I was with you up until this point. I don't know that everyone can program
computers, and it's quite possible that many people cannot.

Observe: some people cannot, as programming requires intelligence and some
people are in fact no more intelligent than vegetables, usually due to brain
damage. If we progress further we have people that are capable of simple
thought, but cannot even recognize themselves in the mirror. Somewhere down
the line of progression (since we cannot really rank intelligence, let's
assume we are progressing in whatever "direction" of intelligence leads to the
ability to program [if there is more than one, pick one arbitrarily]) we can
choose a brain which gives people the ability to construct rudimentary
programs. I admit the line here is extremely fuzzy, because programs can vary
in complexity: the least you need is to be able to remember two words: "print
'hi'". At this point our knowledge goes to hell, it's not really clear what
functions of our minds are necessary to construct and understand varying
levels of program complexity, or whether anything special is required at all.

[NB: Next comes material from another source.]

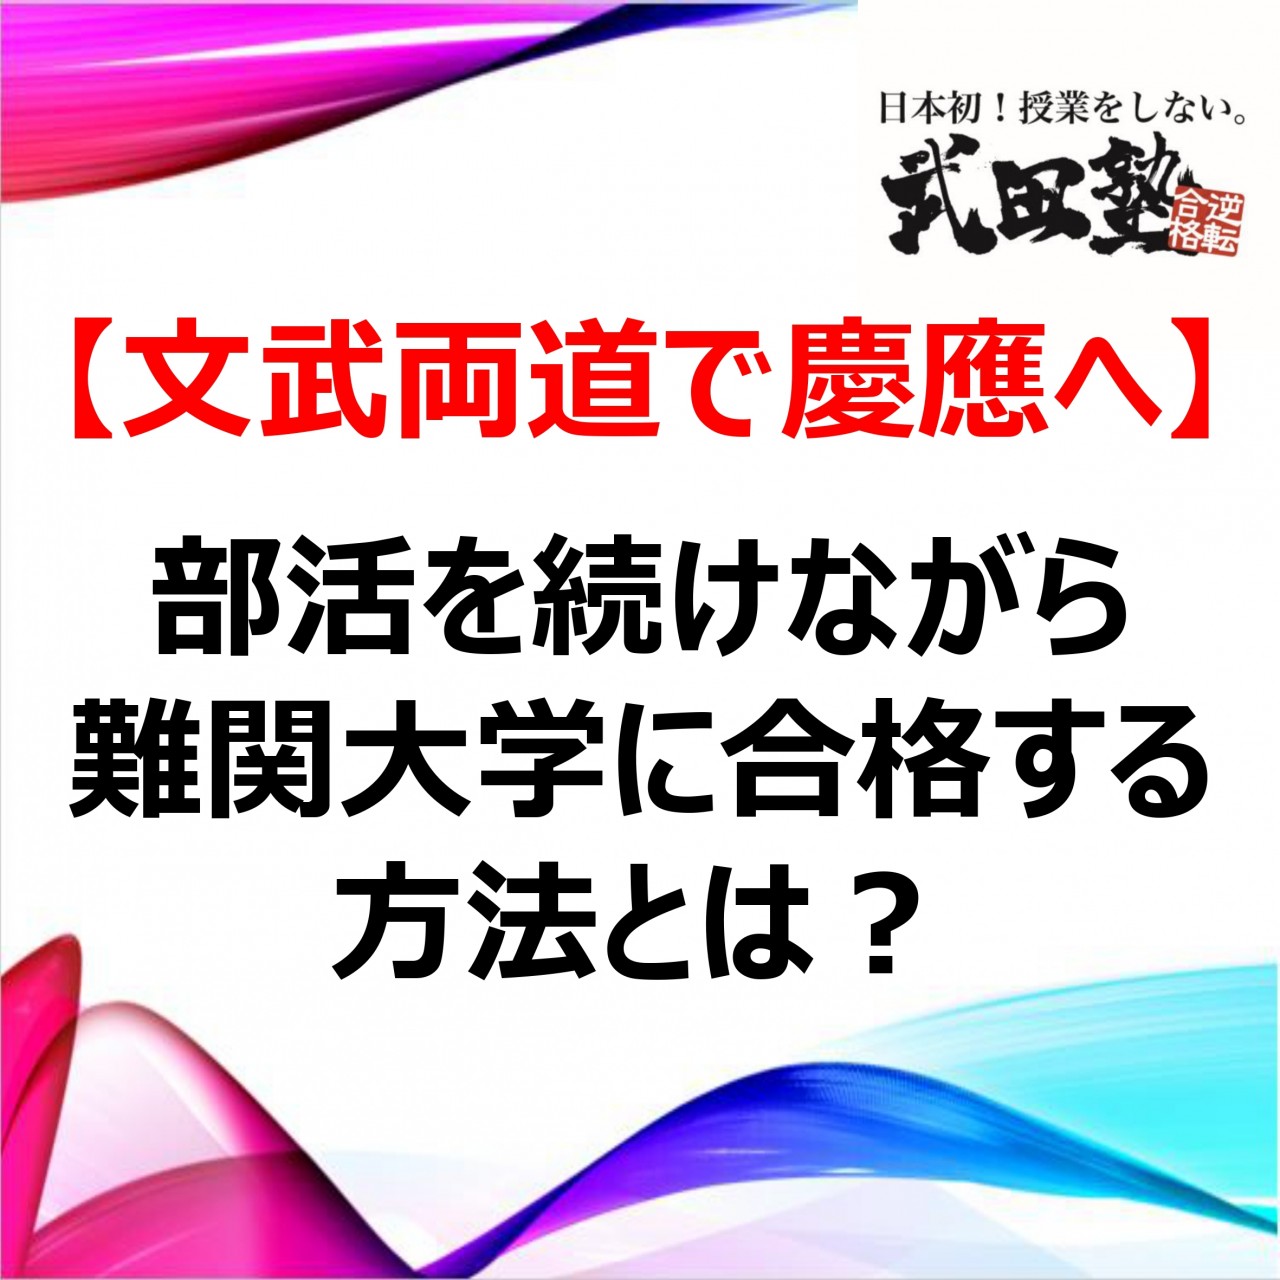 【文武両道で慶應へ】部活を続けながら難関大学に合格する方法とは？

Simple statements like "everybody can program", or "only some can program"
gloss over extremely complicated neurological (possibly psychological, as
well) issues that won't be resolved for some time, and have no known answer.

We may believe it to be true, but I would say such a belief is _heavily_
influenced by our own experiences, as well as our own socialization with
people that share that experience. We can program, why couldn't others? It's
tempting to believe that because it was true for us it's true for everyone,
but sadly (or not so sadly) this really isn't always true. Stating as fact
that everyone can reeks of bias and optimism, because honestly it just isn't
that simple.